Artisanal and small-scale gold mining (ASGM) has challenging environmental and social implications. The sector significantly contributes to mercury emissions the environment creating damage to human health and the environment. Many efforts are under way to improve this situation. With this side-event the Government of Switzerland and its partners would like to discuss the implementation of the Minamata Convention with regard to ASGM in different countries such as Colombia, Ecuador, Ghana, Mongolia, Nigeria, and Peru. Where does mercury free ASGM work and why? What alternative approaches and better practices exist? How should tailings in ASGM be managed? How can formalization lead to better practices? How can a traceable value chain encourage the reduction of mercury use eventually to zero? What role can the harmonization of legislation play?

The event is targeted towards delegates from different ministries, NGOs and the private sector all dealing with the challenges in the ASGM sector. The event will discuss the questions above through concrete examples of different countries.

13:15 - 14:45

CET

Room 18

National governments, with funding provided by the GEF and technical assistance provided by GEF implementing agencies, have over the past years been implementing Minamata Initial Assessments (MIAs) that aim to strengthen national decision-making toward ratification of the Minamata Convention on Mercury and build national capacity towards implementation of future obligations.

The overall objective of this side event is to showcase how the knowledge generated through MIA contributes to timely and effective ratification and implementation of the Minamata Convention.

18:15 - 19:00

CET

Room 2

The burning of coal is one of the largest single anthropogenic sources of mercury air emissions. Although coal contains only small concentrations of mercury, it is burnt in very large volumes. And despite a growing number of countries moving away from coal, its global demand is expected to remain steady over the next 5 years at least.

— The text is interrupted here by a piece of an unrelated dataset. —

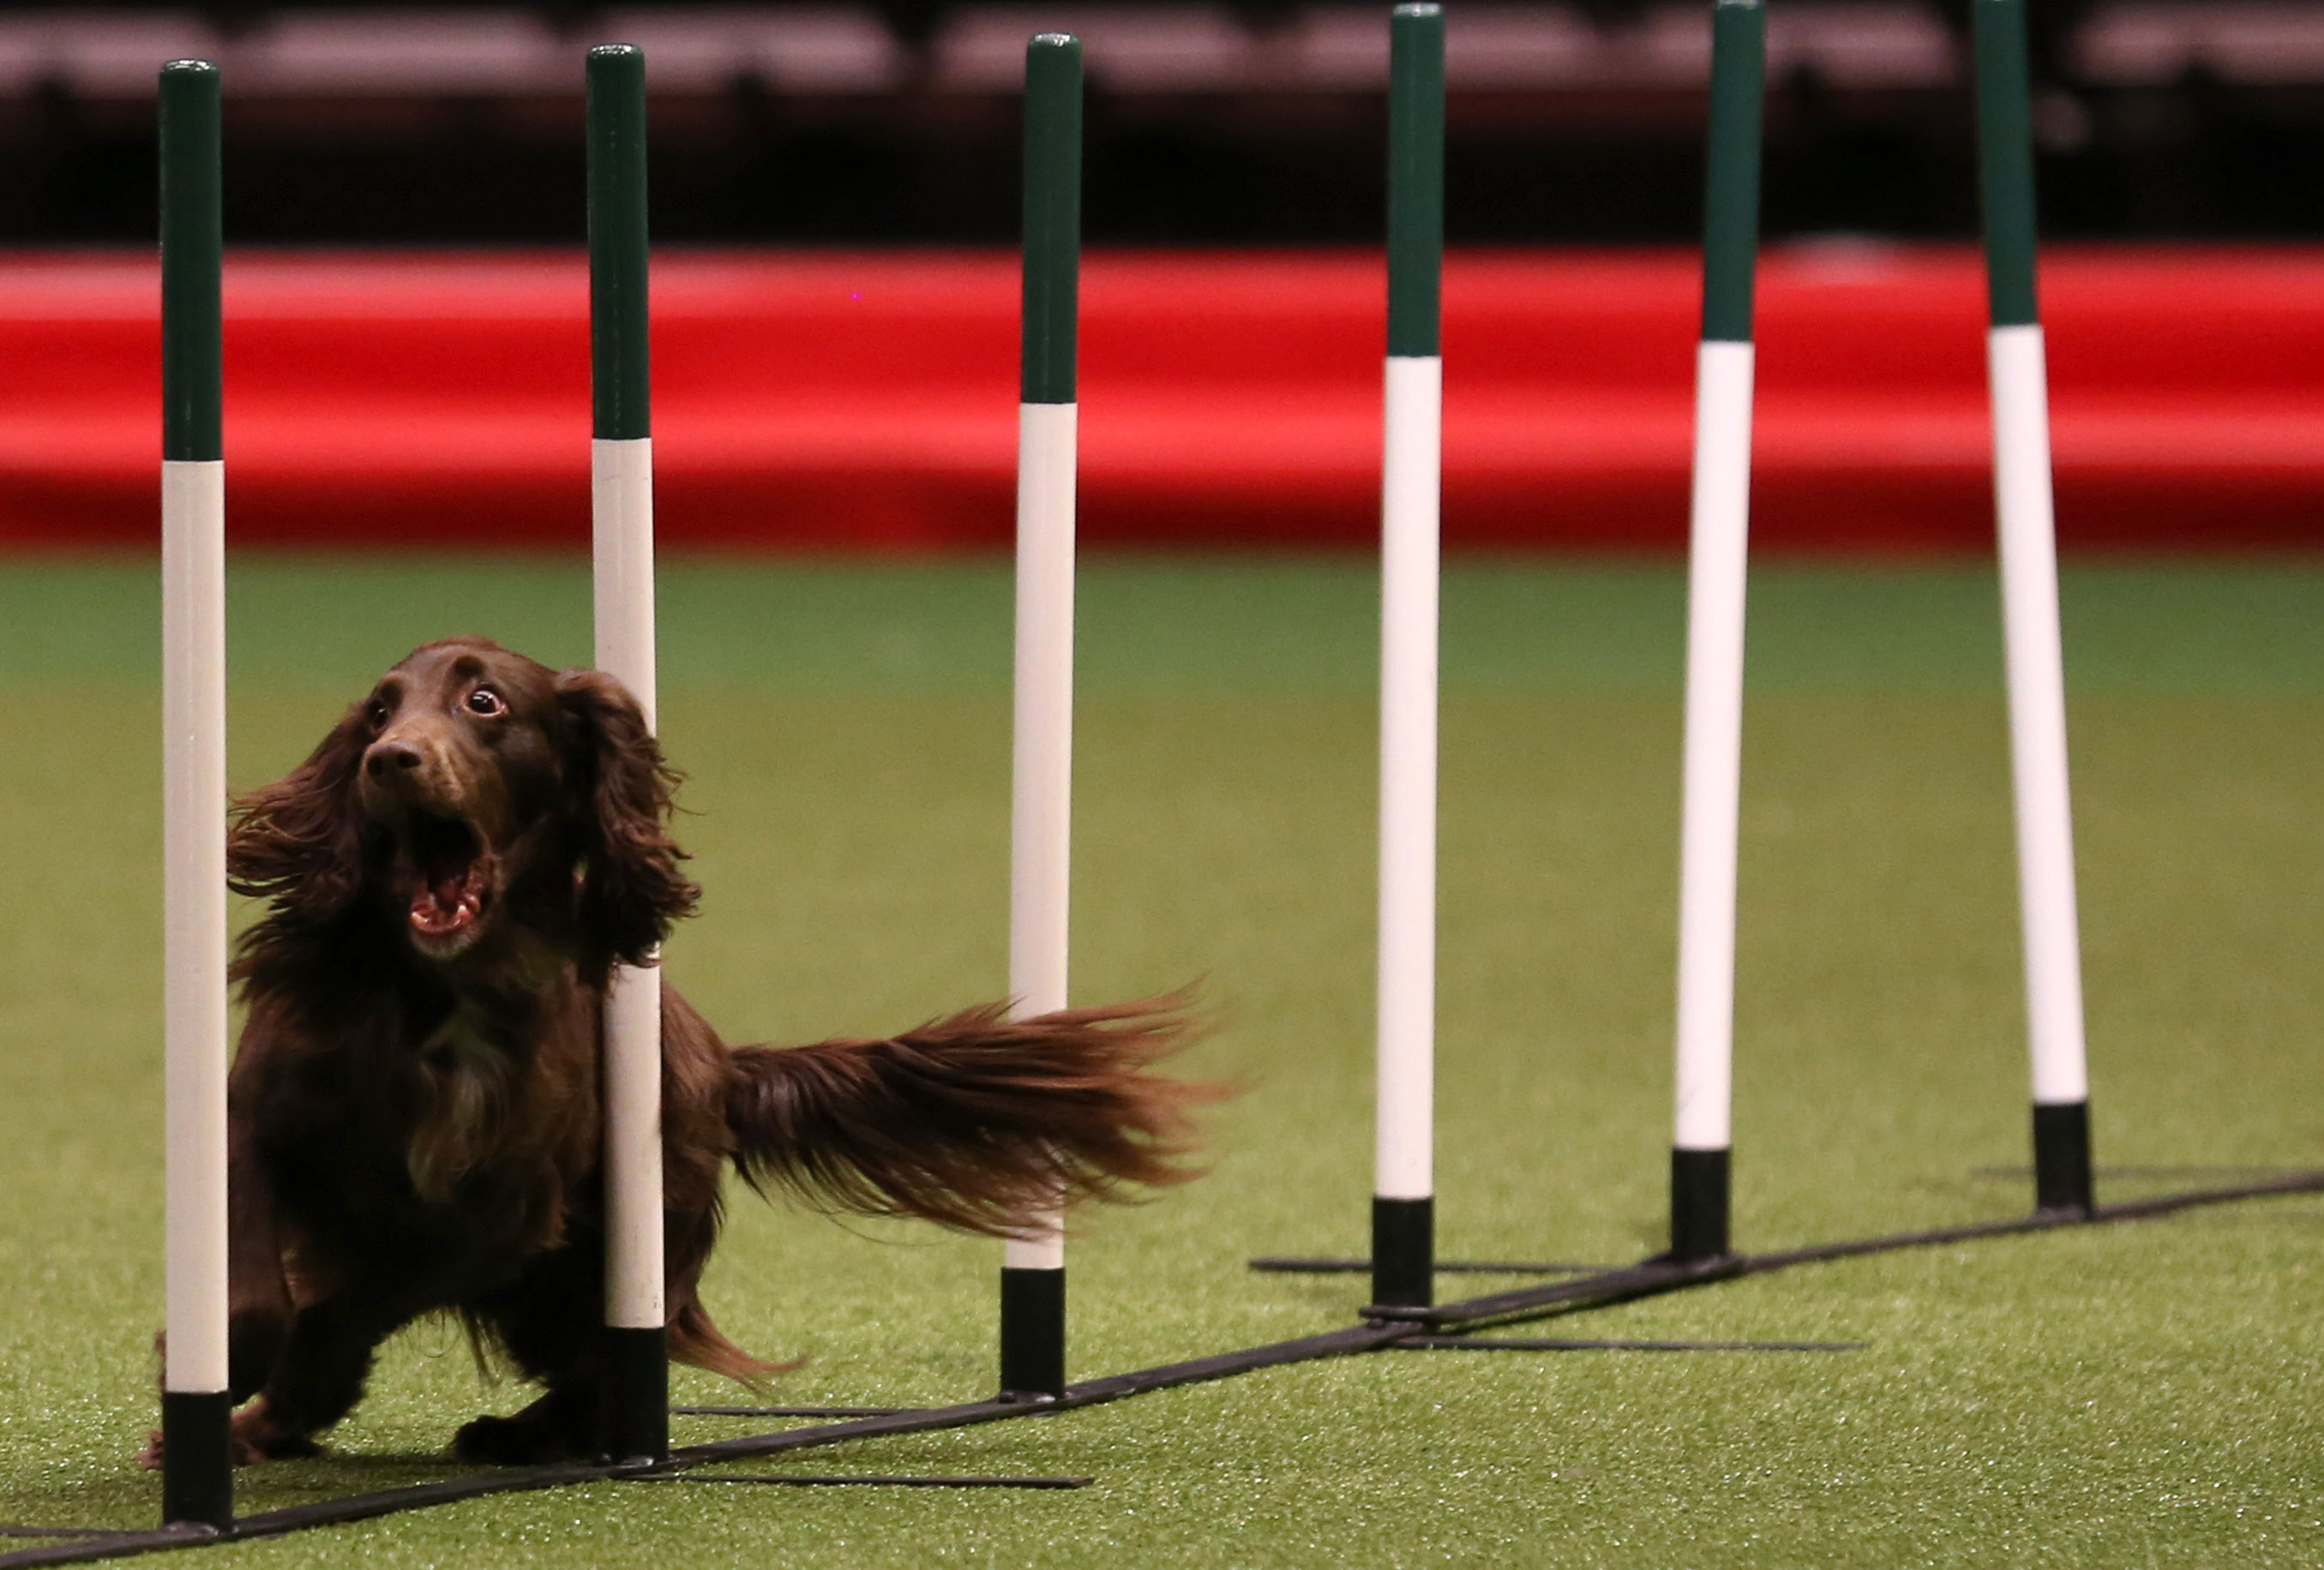 BIRMINGHAM, ENGLAND - MARCH 07:A dog competes in the agility competition on the second day of the Crufts dog show at the NEC on March 7, 2014 in Birmingham, England. Said to be the largest sh

Up to 95% of mercury releases from power plants can however be reduced, by improving coal and plant performance and optimizing control systems for other pollutants.

Through this side event, the Global Mercury Partnership - Coal Combustion Area, will offer COP3 attendees - of both technical and non-technical background - a snapshot on the situation of mercury from coal burning. With a particular focus on applicability and costs, the event will provide hands-on state of the art knowledge and science on mercury monitoring, cost-effective control measures and abatement technologies. It will also feature national perspectives, with speakers presenting on the latest developments of the sector. Finally, participants will be invited to exchange with national and international experts through a participatory Q&A session.

18:15 - 19:00

CET

Room 18

This event aims to raise awareness among Parties and others about the opportunities and challenges presented by mercury-contaminated sites and the importance of addressing them to reduce global mercury pollution levels. It will present information about the state of mercury-contaminated sites globally, those that present some of the greatest risks, challenges and health impacts, as well as emerging technologies to address challenging sites such as active ASGM locations. Strategies to address primary mercury mining which is on the rise in some countries, will also be discussed with specific examples. In addition, it is anticipated that information will be presented on funding opportunities for the Parties to address contaminated sites within the framework of the Minamata Convention on Mercury.